FIG. 1 is an overall configuration diagram showing an embodiment of an air conditioner for an automobile to which a control device according to the present invention is applied;
2 is an electrical wiring diagram showing an example of an electrical control system including the control circuit 9 shown in FIG. 1, and FIG. 3 is a control characteristic diagram 4 for explaining the operation of the electrical control system shown in FIG. 2.

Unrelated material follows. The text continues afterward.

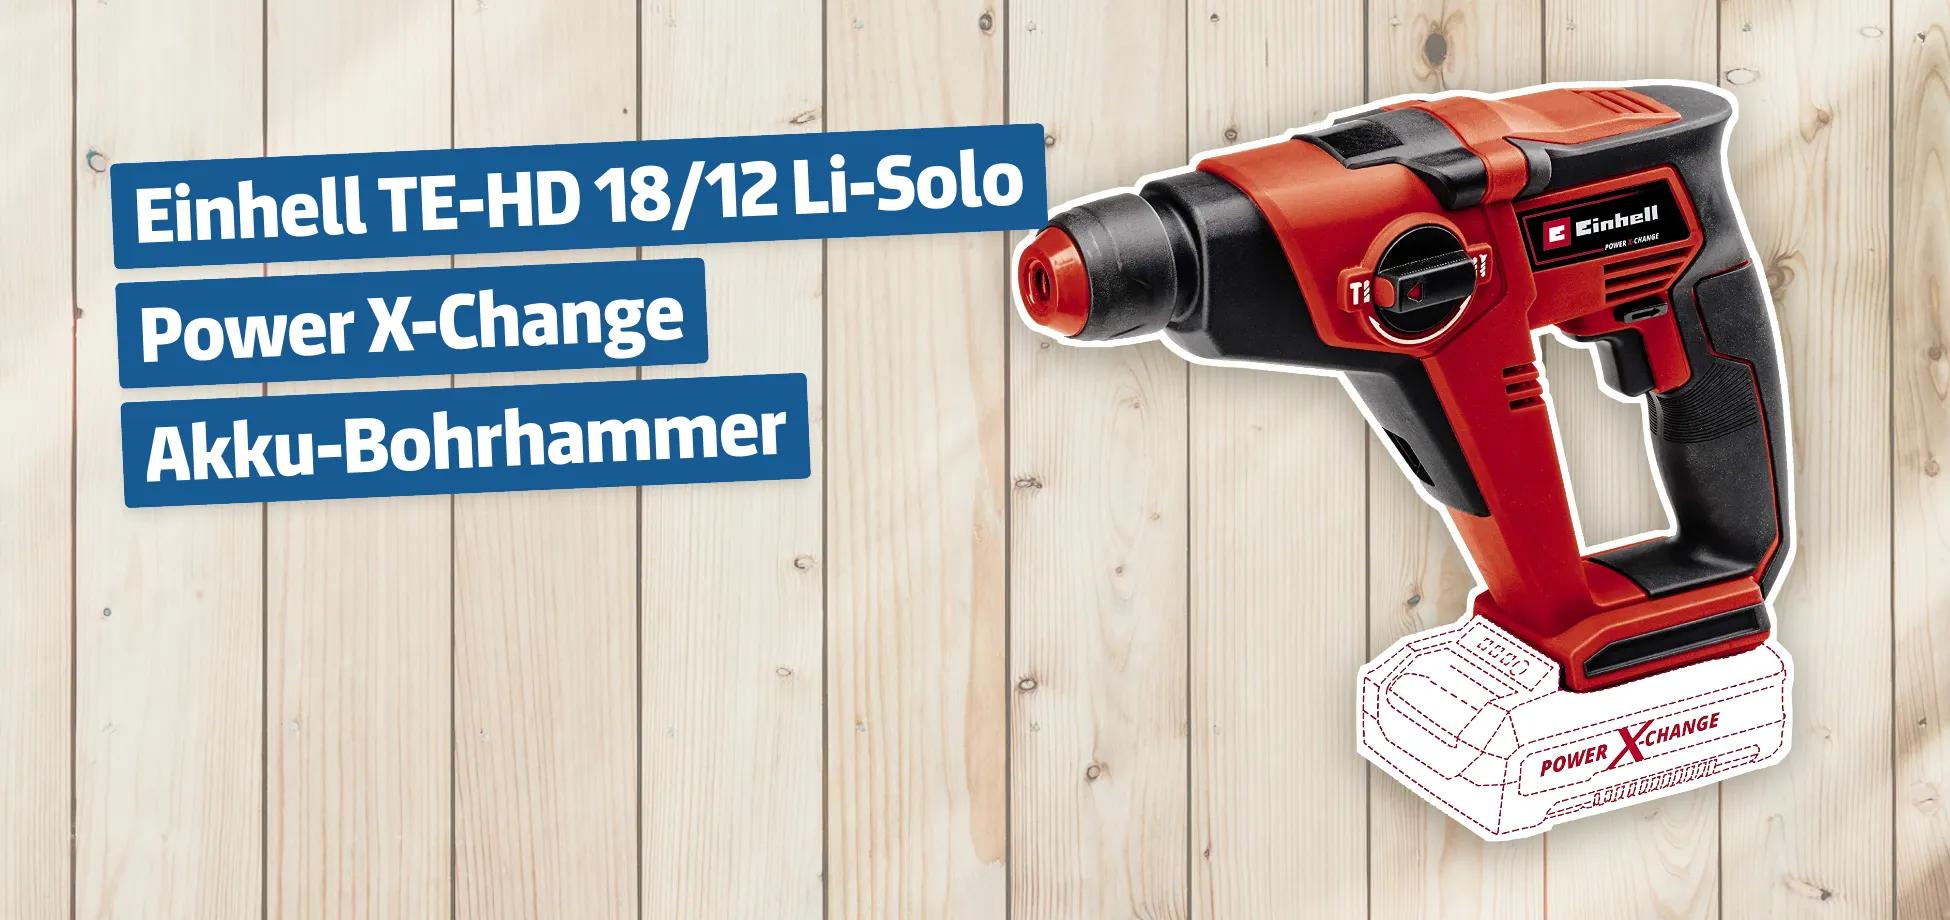 Einhell TE-HD 18/12 Li-Solo Power X-Change Akku-Bohrhammer
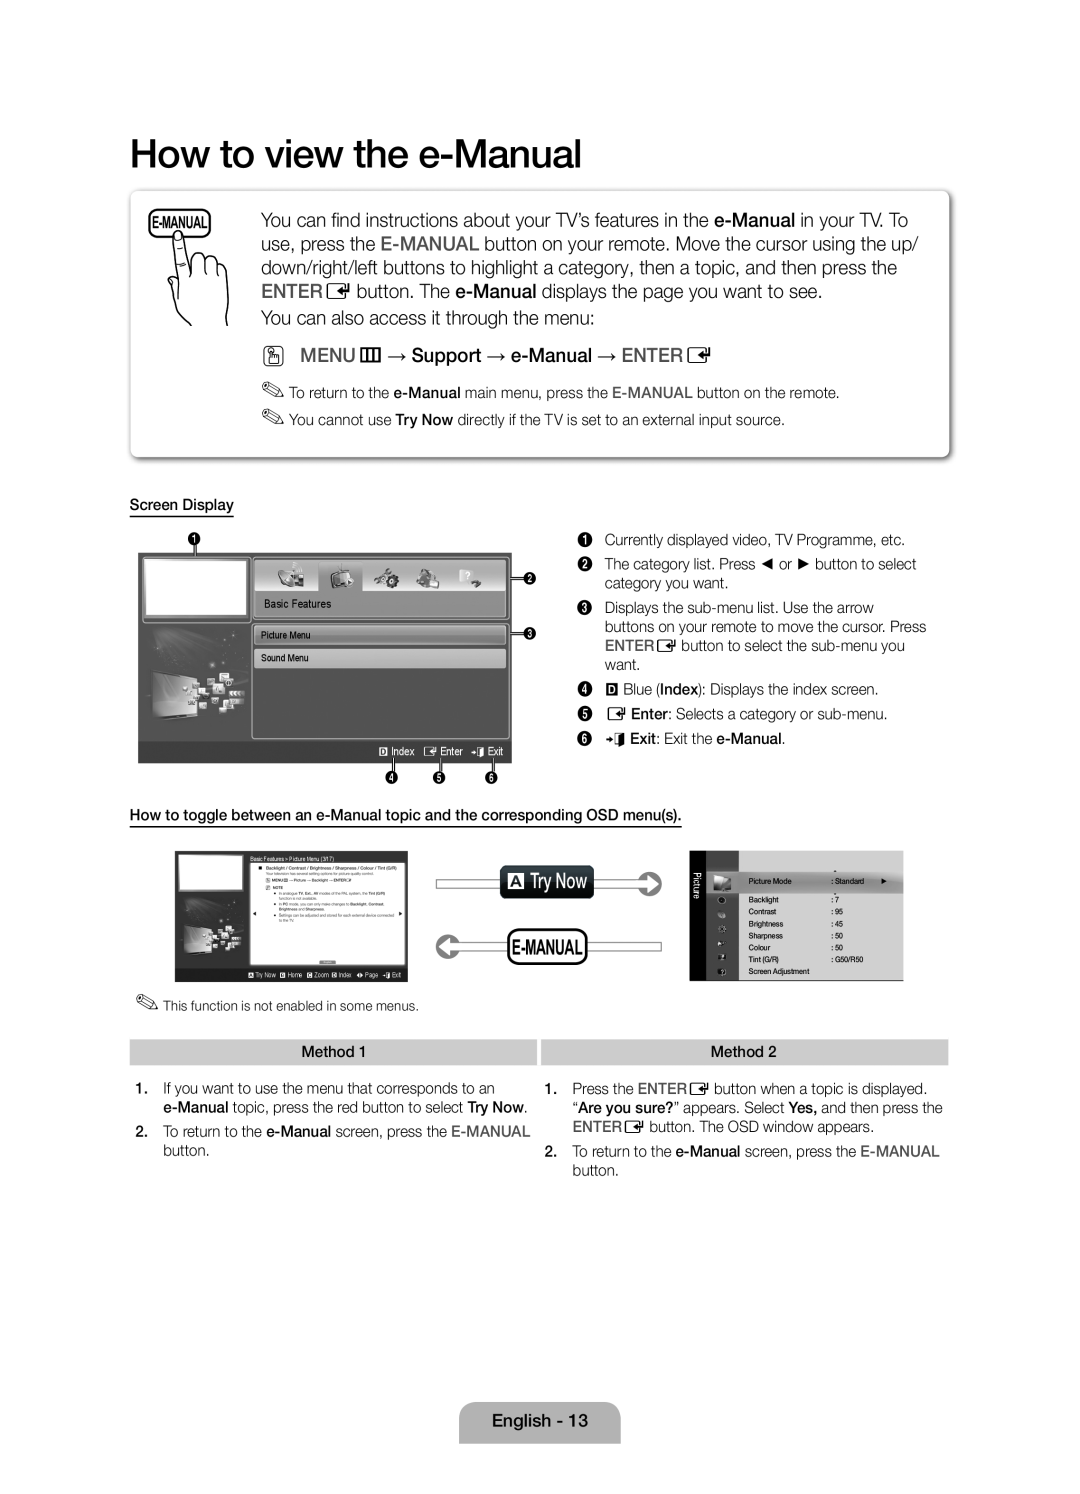 Samsung UE37D5000PWXXC, UE46D5000PWXZG, UE40D5000PWXXH, UE40D5000PWXXC manual How to view the e-Manual, aTry Now, E-Manual

This figure is an electrical wiring diagram showing another example of the electrical control system including the control circuit 9 shown in FIG. 1, and FIG. 5 is a flowchart for explaining the operation of the electrical control system shown in FIG. 4. 1... Evaporator serving as a cooling member, 2... Heater core serving as a heating member, 3... Damper serving as an air volume adjustment member, 4... Electric fan, 5... Duct,
6... Vehicle interior, 7... Automobile engine (engine), 8
. . . Electromagnetic clutch, 9 . . . Control circuit, 30 . . . Servo motor, 90 . 2 control signal generation circuit, 903...switching circuit, 904...comparison circuit,
910...Central processing unit (CPU), 913...Memory, 914...Input device, 915...Output device, 916...Flip-flop.

Claims (1)

[Claims] 1. A target temperature setting device that outputs a target temperature signal according to the target temperature of the air inside the vehicle, which is set by the occupant, and which receives the driving force of the automobile engine via a transmission device and controls the cycle. A cooling cycle device that cools the refrigerant midway through the cycle, and a ventilation path that is installed in the middle of the cycle of this cooling cycle device and that communicates with the interior of the vehicle,
a cooling member that cools the air introduced into the ventilation passage with the cooled refrigerant; a heating member that heats the air downstream of the cooling member with heat generated from the automobile engine; and the ventilation passage. an air volume adjustment member that is disposed in a road and changes the temperature of air blown into the vehicle interior by adjusting the amount of air that is exposed to the heating member out of the air that has passed through the cooling member; and the target temperature setting device. A control device for an automotive air conditioner comprising: a temperature control device that controls the amount of adjustment of the air volume adjusting member to bring the air temperature in the vehicle interior to the target temperature based on a target temperature signal from the cooling member; A temperature detection means that detects the temperature of the introduced air and generates a detected temperature signal, and compares the detected temperature signal from the temperature detection means with the target temperature signal from the target temperature setting device, and introduces the air into the cooling member. When it is determined that the air temperature at which the air flow is controlled is a temperature at which the air volume adjustment member can be controlled to obtain the target temperature, the transmission device outputs an output that cuts off transmission of the driving force of the automobile engine from the cooling cycle device. 1. A control device for an air conditioner for an automobile, comprising: cooling capacity determining means for generating a signal.